* [TASK ITEM]:
All the entries that follow must be written out again exactly.

........

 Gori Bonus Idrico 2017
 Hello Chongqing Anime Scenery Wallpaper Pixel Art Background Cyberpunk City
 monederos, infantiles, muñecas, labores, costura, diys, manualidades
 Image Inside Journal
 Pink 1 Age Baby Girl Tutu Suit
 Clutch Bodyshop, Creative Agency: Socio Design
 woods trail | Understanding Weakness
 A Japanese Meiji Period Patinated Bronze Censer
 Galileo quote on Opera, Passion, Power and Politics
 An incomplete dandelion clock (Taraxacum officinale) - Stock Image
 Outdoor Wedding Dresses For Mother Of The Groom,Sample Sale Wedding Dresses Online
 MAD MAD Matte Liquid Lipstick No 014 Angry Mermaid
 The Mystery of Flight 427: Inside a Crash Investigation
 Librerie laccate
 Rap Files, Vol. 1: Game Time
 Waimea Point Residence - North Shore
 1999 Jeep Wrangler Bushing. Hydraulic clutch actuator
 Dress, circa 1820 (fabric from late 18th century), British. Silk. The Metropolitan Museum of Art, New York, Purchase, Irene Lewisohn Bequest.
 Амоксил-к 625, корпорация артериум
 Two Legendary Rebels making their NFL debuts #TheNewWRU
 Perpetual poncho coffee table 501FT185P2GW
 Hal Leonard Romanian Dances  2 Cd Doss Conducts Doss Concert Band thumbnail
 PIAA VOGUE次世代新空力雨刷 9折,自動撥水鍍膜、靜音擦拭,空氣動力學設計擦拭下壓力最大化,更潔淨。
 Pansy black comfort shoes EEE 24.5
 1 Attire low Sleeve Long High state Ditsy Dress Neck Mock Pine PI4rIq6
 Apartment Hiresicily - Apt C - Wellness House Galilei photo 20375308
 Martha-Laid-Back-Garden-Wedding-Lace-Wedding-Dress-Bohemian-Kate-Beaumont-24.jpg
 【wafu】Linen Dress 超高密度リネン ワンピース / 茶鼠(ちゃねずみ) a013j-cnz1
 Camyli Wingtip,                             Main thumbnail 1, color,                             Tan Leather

........

* [YOUR SOLUTION]:
 Gori Bonus Idrico 2017
 Hello Chongqing Anime Scenery Wallpaper Pixel Art Background Cyberpunk City
 monederos, infantiles, muñecas, labores, costura, diys, manualidades
 Image Inside Journal
 Pink 1 Age Baby Girl Tutu Suit
 Clutch Bodyshop, Creative Agency: Socio Design
 woods trail | Understanding Weakness
 A Japanese Meiji Period Patinated Bronze Censer
 Galileo quote on Opera, Passion, Power and Politics
 An incomplete dandelion clock (Taraxacum officinale) - Stock Image
 Outdoor Wedding Dresses For Mother Of The Groom,Sample Sale Wedding Dresses Online
 MAD MAD Matte Liquid Lipstick No 014 Angry Mermaid
 The Mystery of Flight 427: Inside a Crash Investigation
 Librerie laccate
 Rap Files, Vol. 1: Game Time
 Waimea Point Residence - North Shore
 1999 Jeep Wrangler Bushing. Hydraulic clutch actuator
 Dress, circa 1820 (fabric from late 18th century), British. Silk. The Metropolitan Museum of Art, New York, Purchase, Irene Lewisohn Bequest.
 Амоксил-к 625, корпорация артериум
 Two Legendary Rebels making their NFL debuts #TheNewWRU
 Perpetual poncho coffee table 501FT185P2GW
 Hal Leonard Romanian Dances  2 Cd Doss Conducts Doss Concert Band thumbnail
 PIAA VOGUE次世代新空力雨刷 9折,自動撥水鍍膜、靜音擦拭,空氣動力學設計擦拭下壓力最大化,更潔淨。
 Pansy black comfort shoes EEE 24.5
 1 Attire low Sleeve Long High state Ditsy Dress Neck Mock Pine PI4rIq6
 Apartment Hiresicily - Apt C - Wellness House Galilei photo 20375308
 Martha-Laid-Back-Garden-Wedding-Lace-Wedding-Dress-Bohemian-Kate-Beaumont-24.jpg
 【wafu】Linen Dress 超高密度リネン ワンピース / 茶鼠(ちゃねずみ) a013j-cnz1
 Camyli Wingtip,                             Main thumbnail 1, color,                             Tan Leather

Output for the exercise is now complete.